- _MATERIAL PROVIDED_
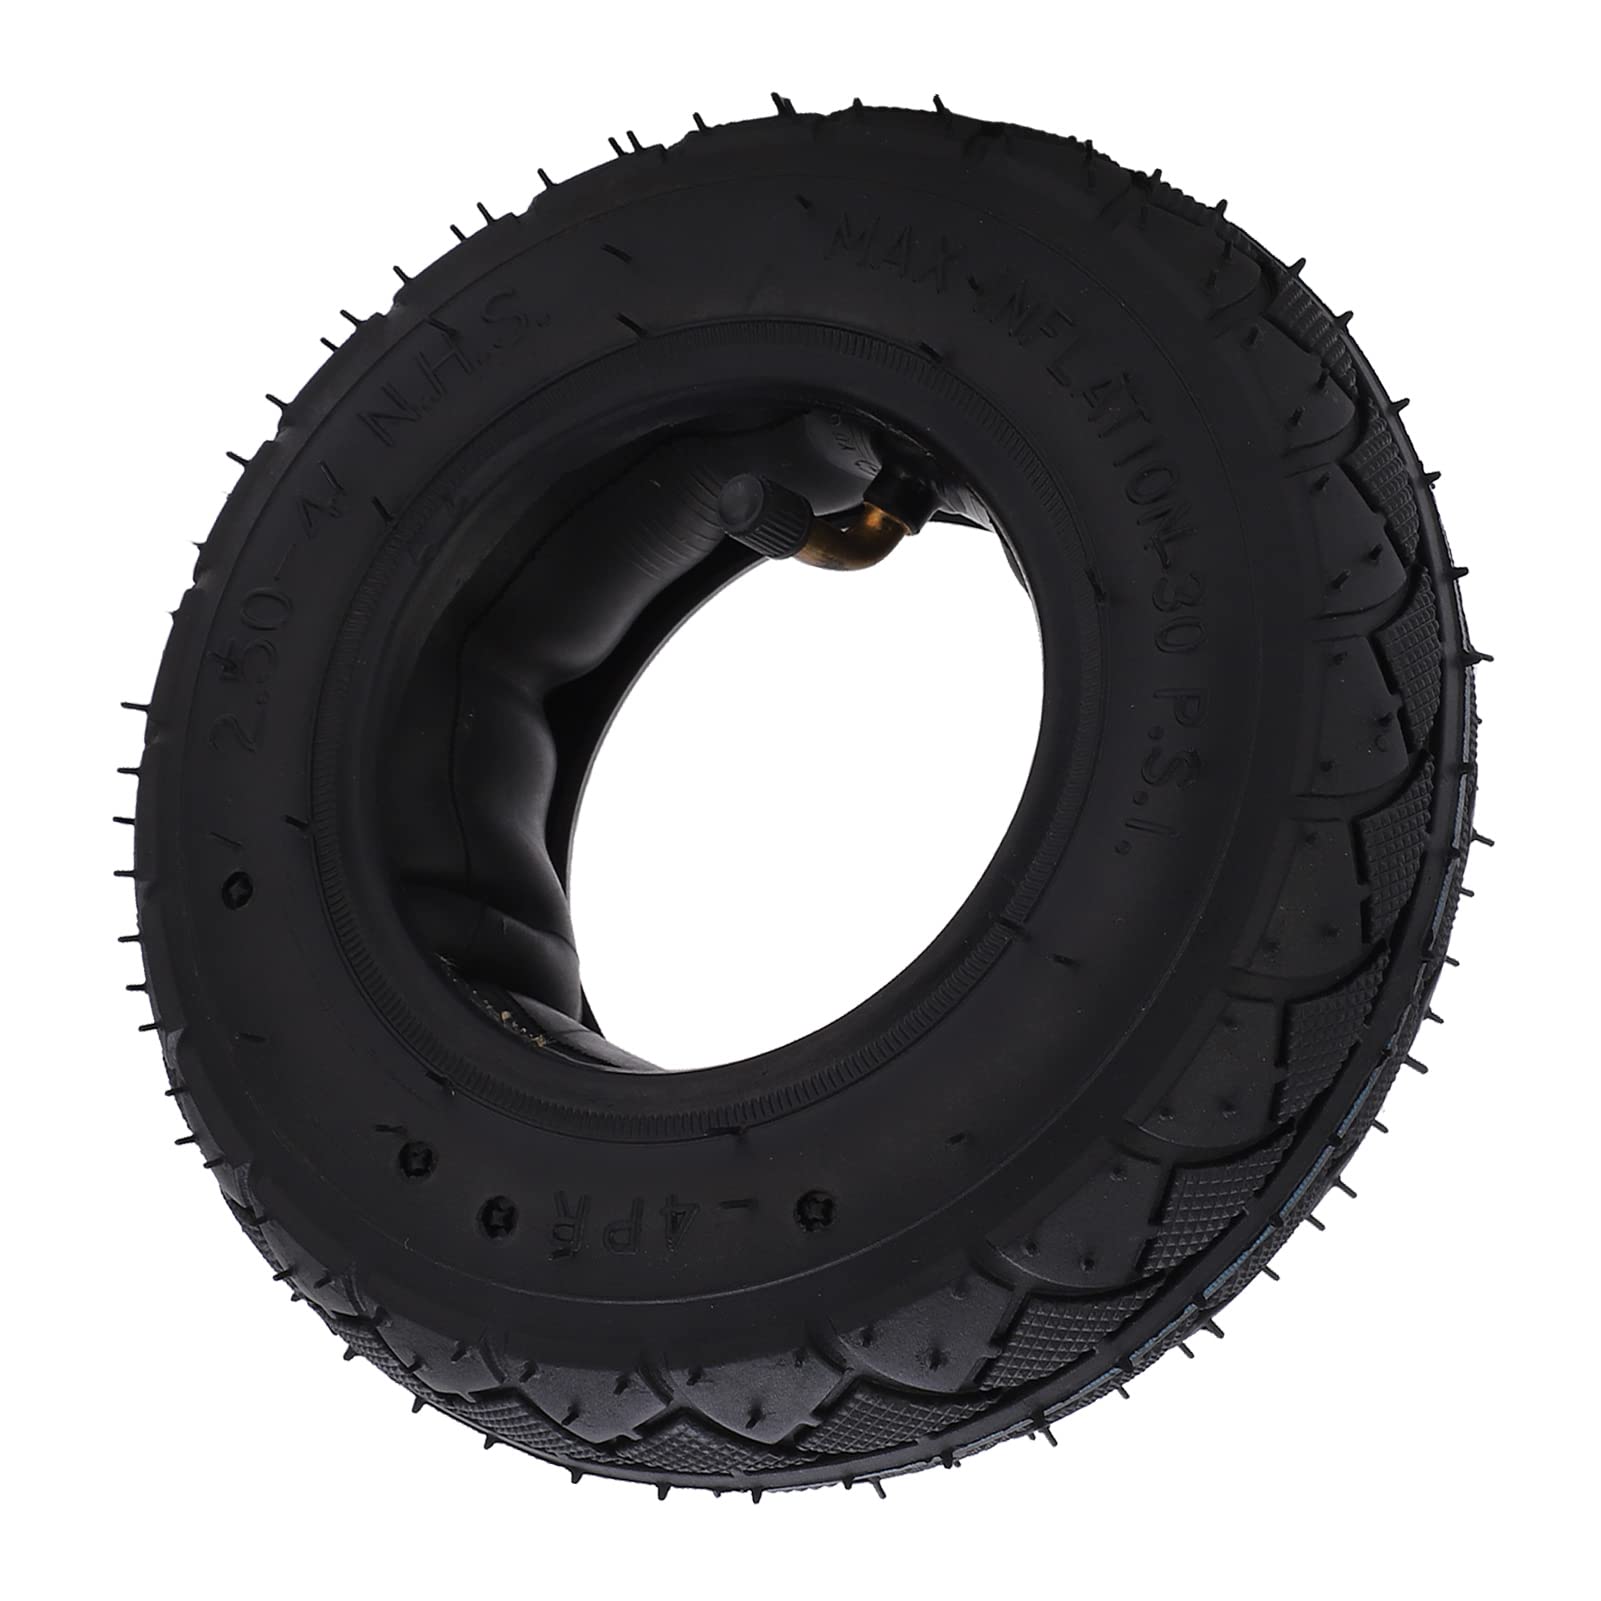 Gatuxe 2.50-4 Reifen und Schlauch, Anti-Aging 2.50-4 Reifen und Schlauchsatz Geräuscharmer, langlebiger, sicherer Gummi für Roller
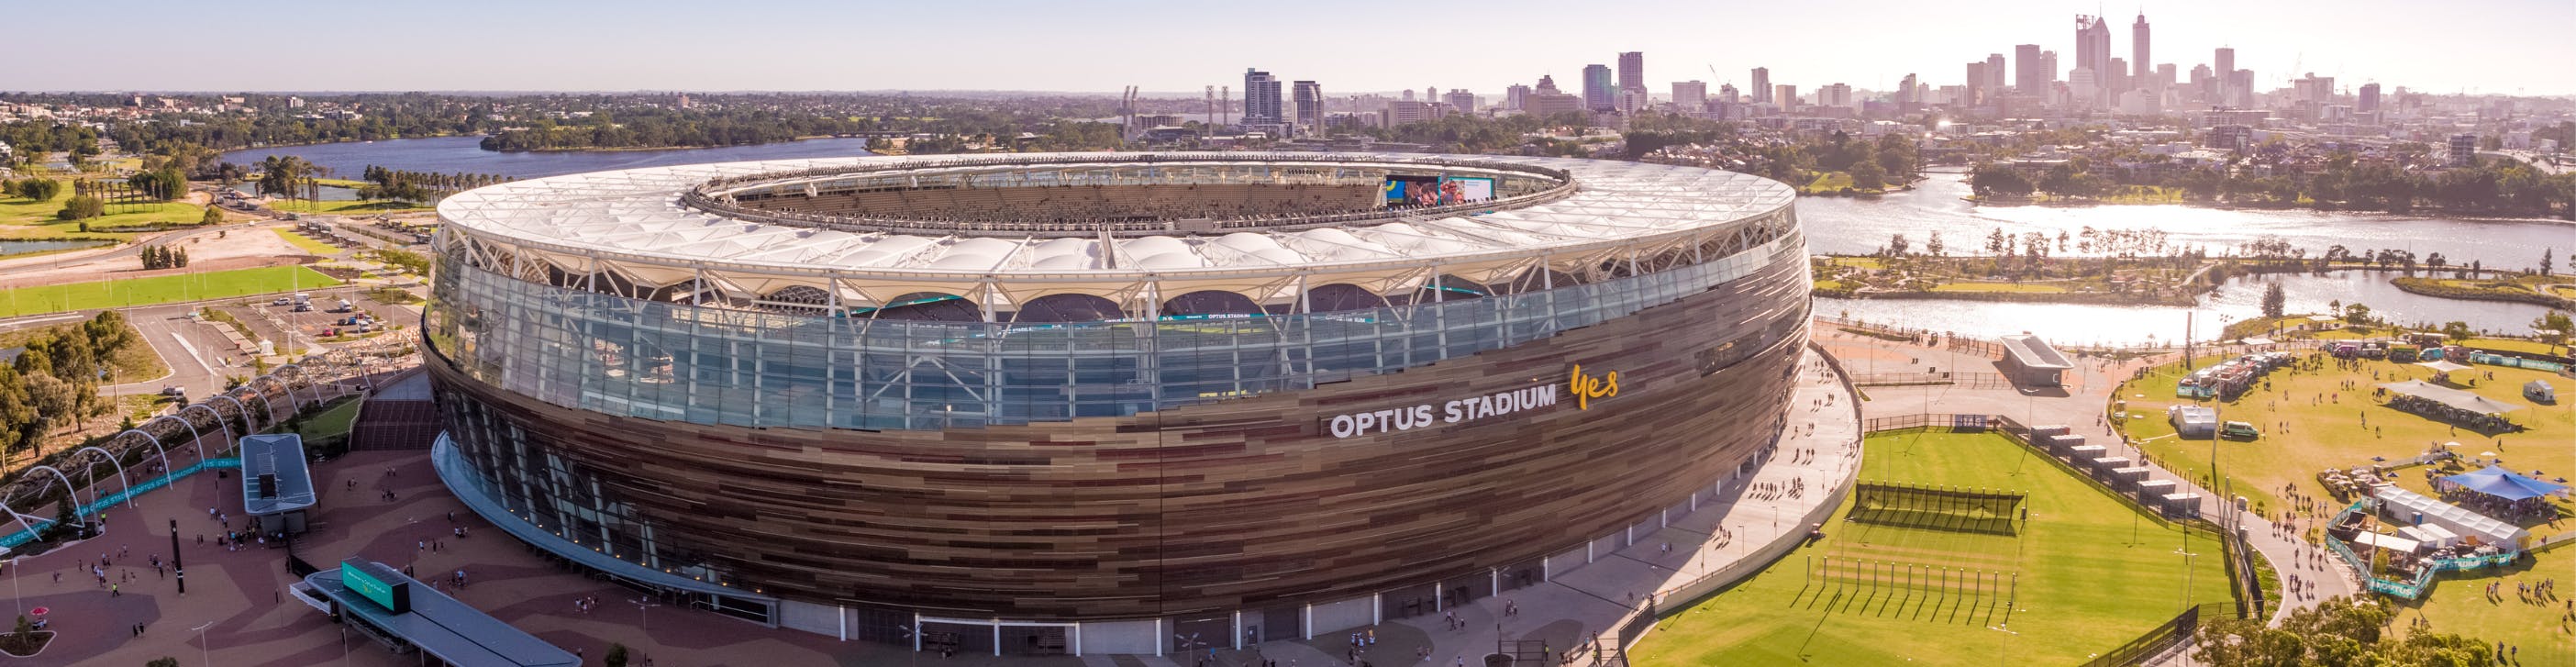 Optus Stadium, Perth WA
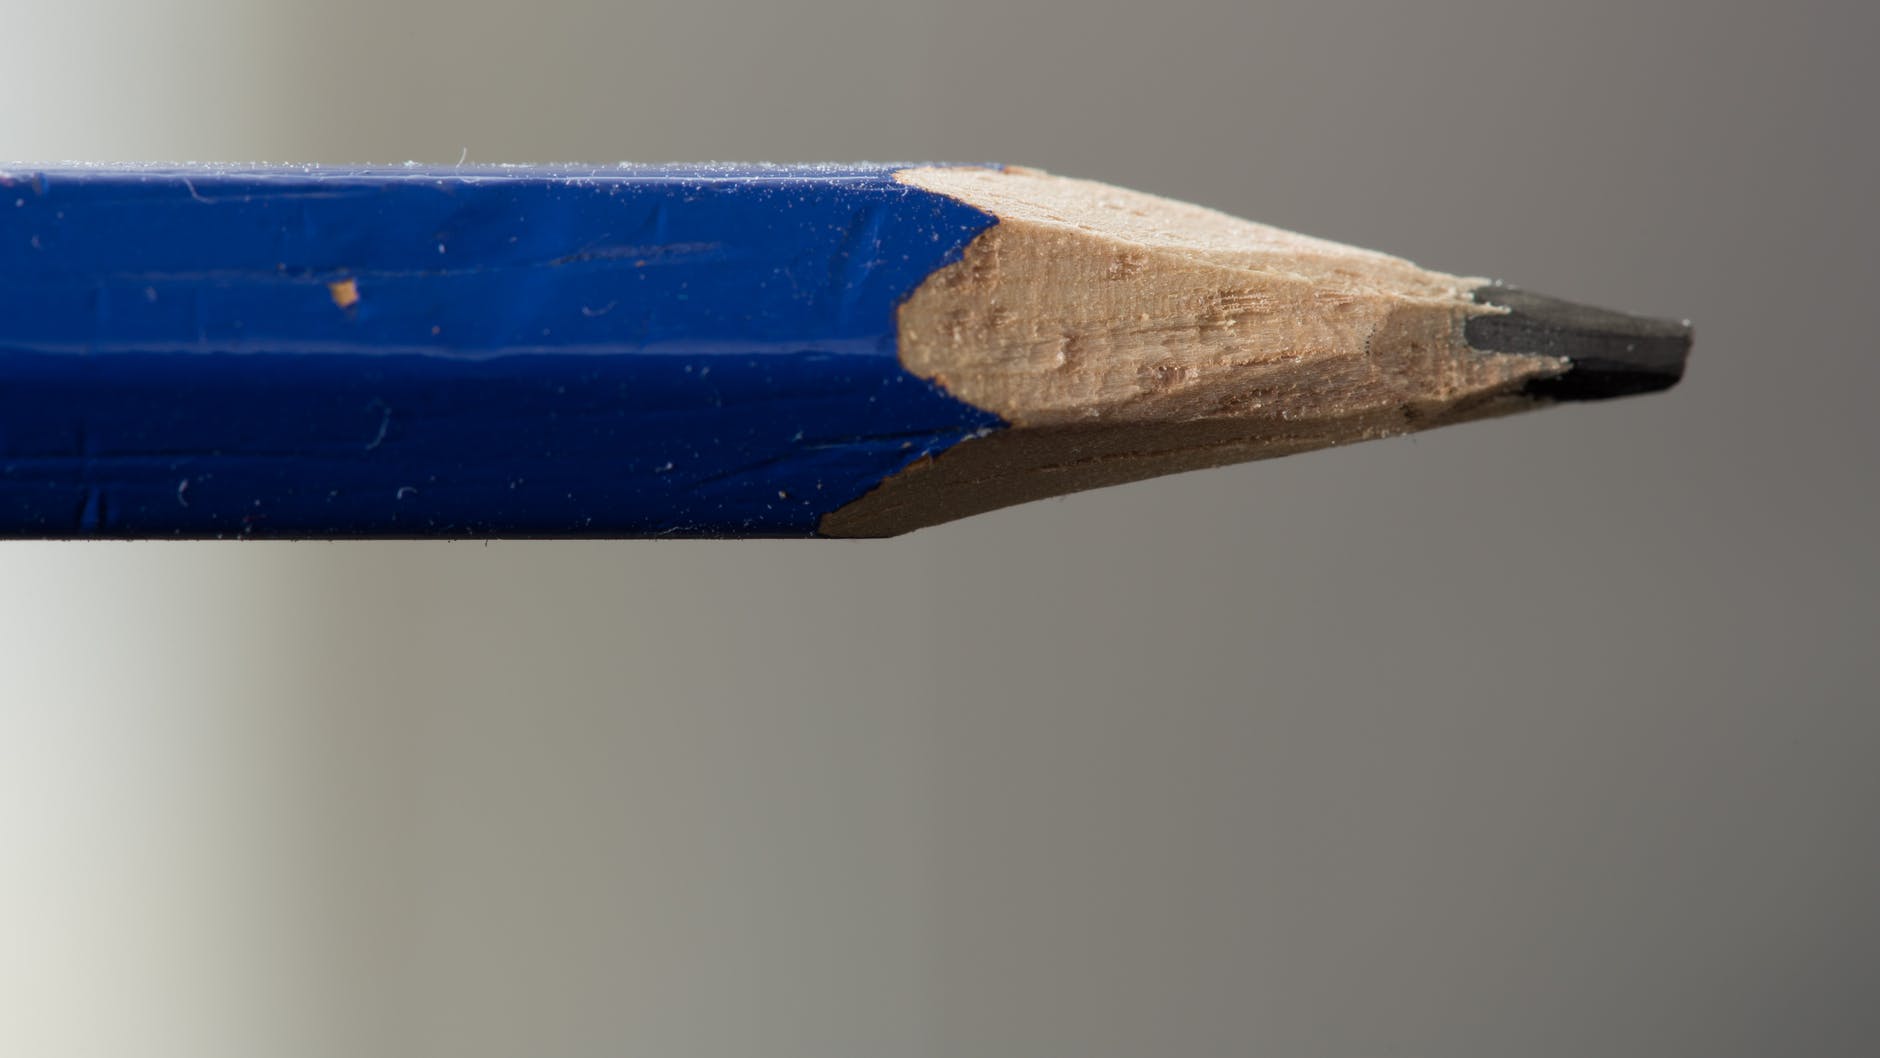 pencil lead in shallow poto

- _PROBLEM DESCRIPTION_
Apart from its pictures, the data is to be repeated exactly.

- _ANSWER TO THIS EXERCISE_
 Gatuxe 2.50-4 Reifen und Schlauch, Anti-Aging 2.50-4 Reifen und Schlauchsatz Geräuscharmer, langlebiger, sicherer Gummi für Roller
 Optus Stadium, Perth WA
 pencil lead in shallow poto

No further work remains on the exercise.